Molinism is a needlessly over-engineered attempt to shield God from His own sovereignty. By making divine decree dependent on human autonomy, its premise is as flawed as its implications. Molinism effectively destroys the efficacy of prayer, the security of hope, and the very aseity of God.
Consider the proposition P: If agent S is presented with choice X in circumstance C, S will form intention Y.
While both Calvinists (compatibilists) and Molinists agree that given P, S will inevitably intend Y, they diverge sharply on the nature of that inevitability.
For the Calvinist, Y not only will occur but must occur. This is because God has determined both the logical and causal structures of P, so that S can do no other than form intention Y. In other words, God has decreed the causal link between the circumstance and the agent’s intention. Here, God exerts exhaustive control over both what S would do (counterfactuals) and what S will do (actualities). Finally, because God decrees P itself, he could decree a different outcome in relation to the exact same state of affairs.
In Molinism, God’s control is indirect. P is not something that is decreed, but something God knows through “Middle Knowledge.” Accordingly, God does not control what S would do because such truths are independent of God’s will. God only controls what S will do, and he does so by choosing to actualize the specific circumstance (C) in which he knows S will form intention Y. Consequently, while C is a sufficient condition for Y, S retains the libertarian power to do otherwise. This means that God does not determine the intention of the heart. Rather, God permits the known outcome to manifest. In this framework, God cannot decree a different outcome given the identical state of affairs, for the outcome is grounded solely in the agent’s own free agency.
Similarities:
Despite these structural differences, the subjective experience of the agent remains identical in both systems. S never feels coerced, nor does S disapprove of the intention. Whether the intention is causally determined (Calvinism) or sovereignly permitted (Molinism), S identifies with the choice and approves of it upon consummation.

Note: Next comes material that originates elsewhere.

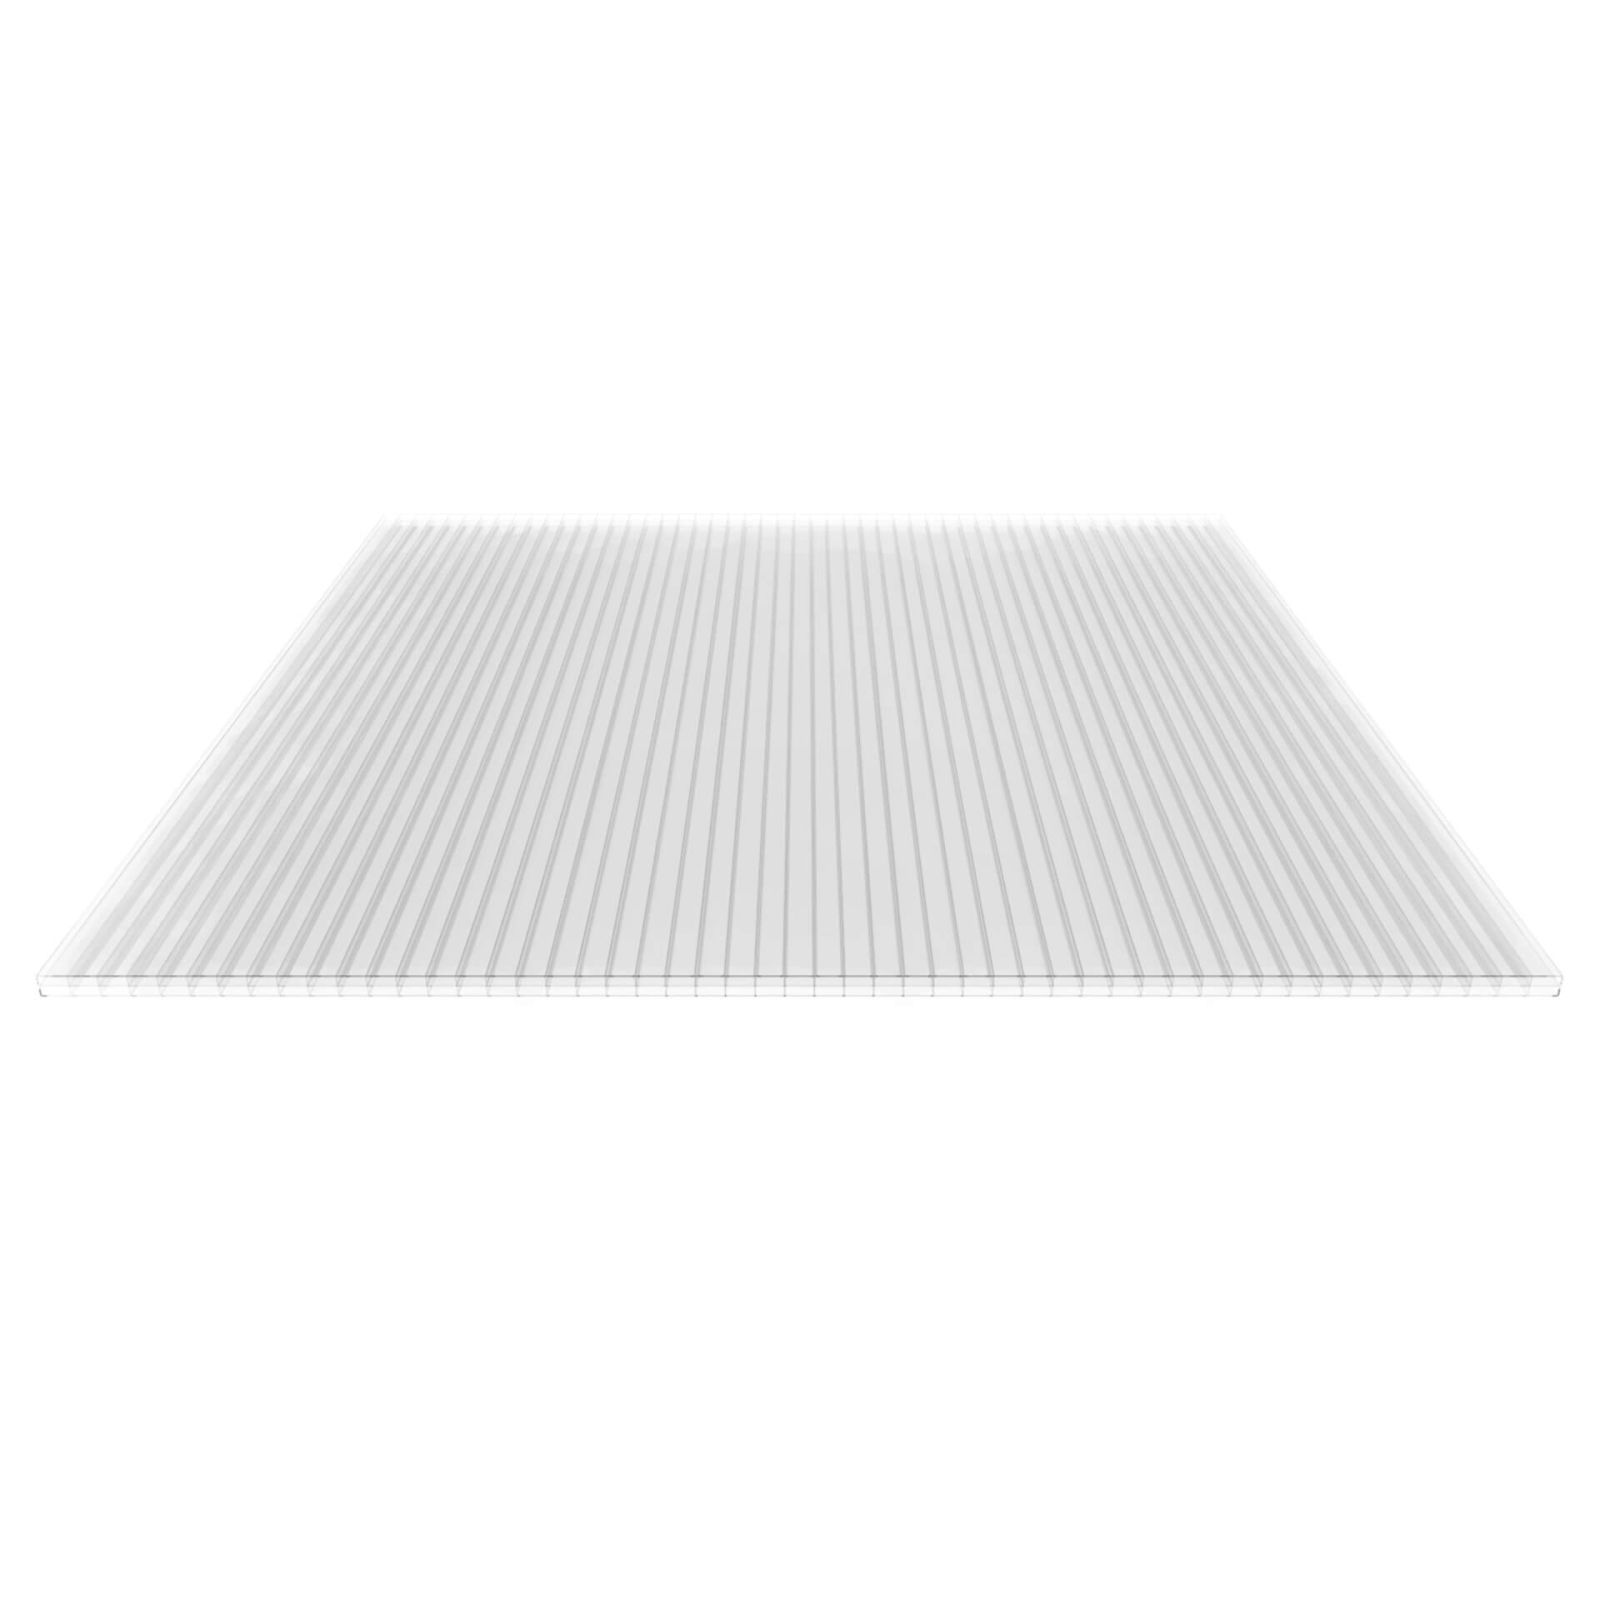 Polycarbonat Stegplatte | 16 mm | Profil Zevener Sprosse | Sparpaket | Plattenbreite 1200 mm | Klar | Breite 3,79 m | Länge 2,00 m #4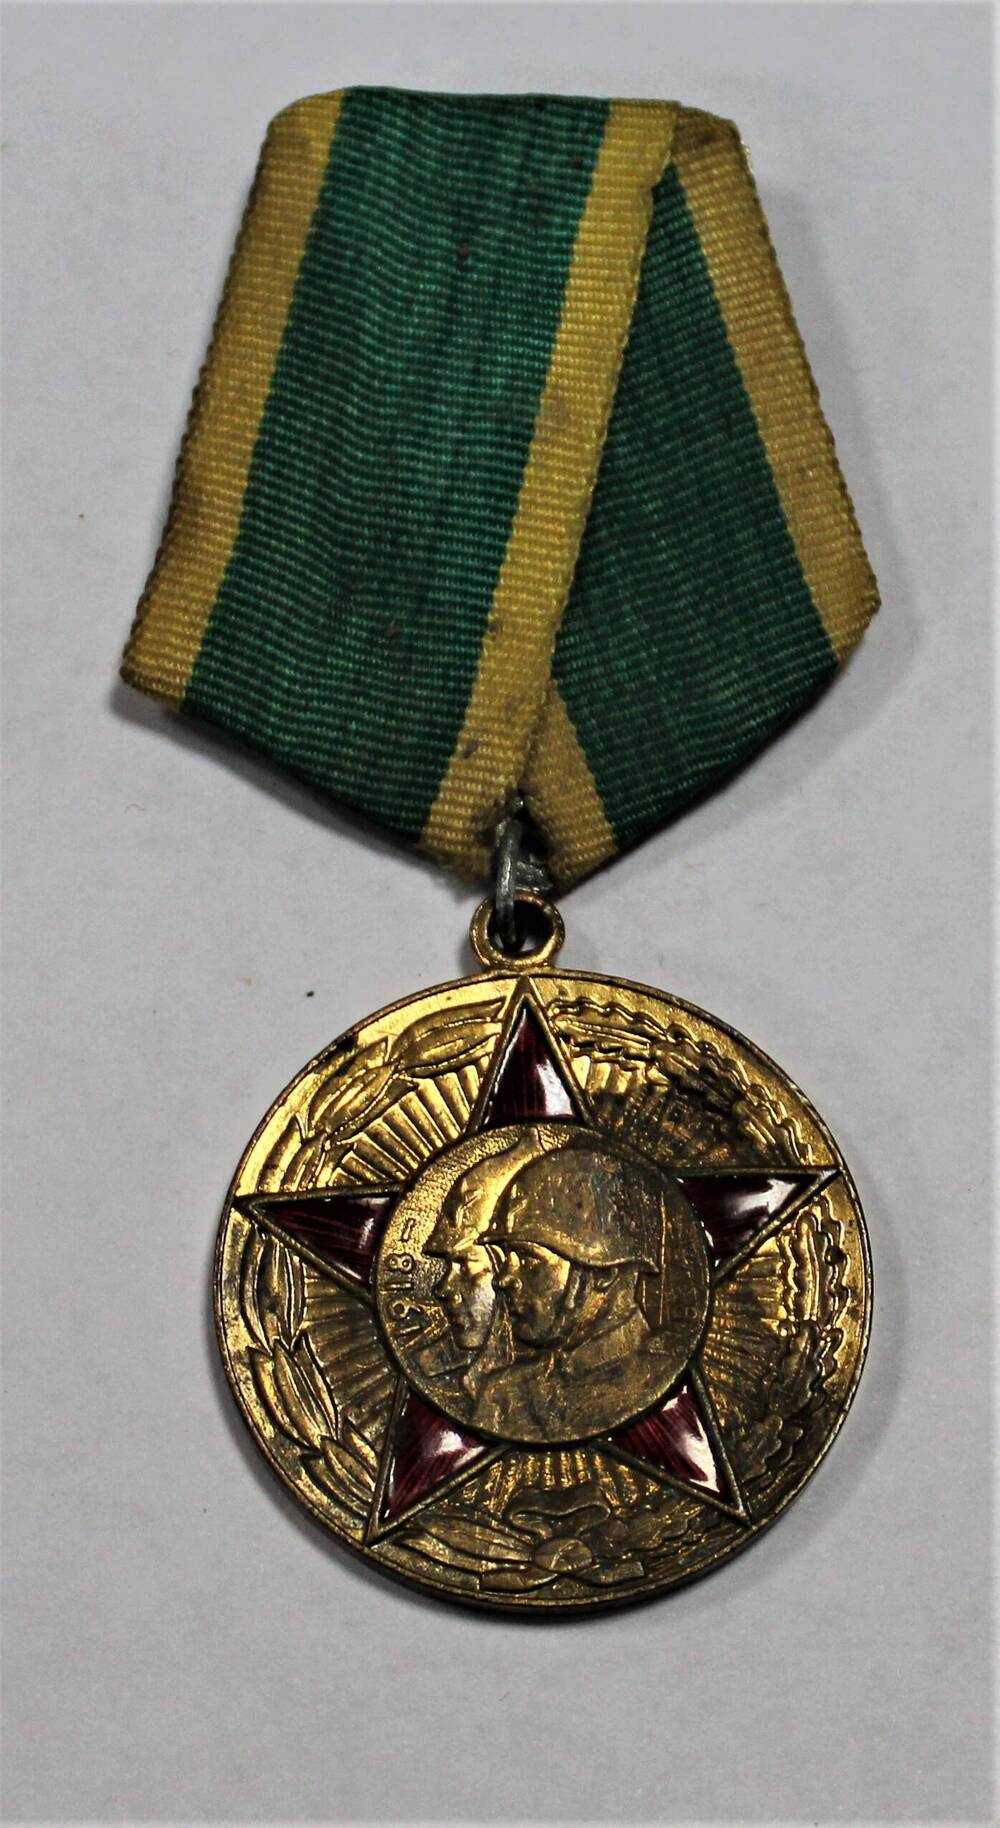 Медаль 50 лет Вооруженных Сил СССР Титова Михаила Николаевича - ветерана Великой Отечественной войны 1941-1945 гг.

Ultimately, both views treat P as a contingent truth in that P is neither necessary nor impossible. In other words, it’s theoretically possible that S chooses otherwise.
Differences:
In Calvinism, the contingency of a free will choice is grounded in God’s sovereign ability to make P either true or false. Whereas in Molinism, P’s contingency is grounded solely in the agent’s autonomous freedom. In other words, in Calvinism God determines the truth value of P; whereas in Molinism, the uninstantiated essence anchors P’s truth value.
The divergence between these two views fundamentally alters what creative options God has at his disposal. The central distinction lies in the concept of “Possible Worlds” versus “Feasible Worlds.”
Calvinism: All Possible Creative Options
In Calvinism, God’s creative options are limited only by the laws of logic. Because God determines the causal relationship between a circumstance (C) and an intention (Y), he can decree any logically possible outcome. In other words, all possibilities are truly available to God to actualize. Therefore, God can actualize any possible world just as long as he can conceive it. This follows from the compatibilist premise that what an agent would do is a decretive truth. Accordingly, God does not discover such truths but rather decides them for his own purposes.
Molinism: Restricted Creative Options
In Molinism, God does not determine the free choices of men. Instead, God discovers what choices would be freely made through his eternal Middle Knowledge. They are the cards God must play if he desires to be in a personal relationship with his image bearers. Therefore, God’s creative options are limited not just by logic, but by the Counterfactuals of Creaturely Freedom (CCFs) – those truths about what free agents would do in certain situations, which God knows (passively).
Possible vs. Feasible:
Although there are infinite possible worlds, in a Molinistic framework only a subset of them are feasible for God to create. For example, it might be logically possible for S to form intention Y in circumstance C, but if it is a contingent truth that S would actually form intention Y, then a world where S chooses according to ~Y is “infeasible” for God to actualize.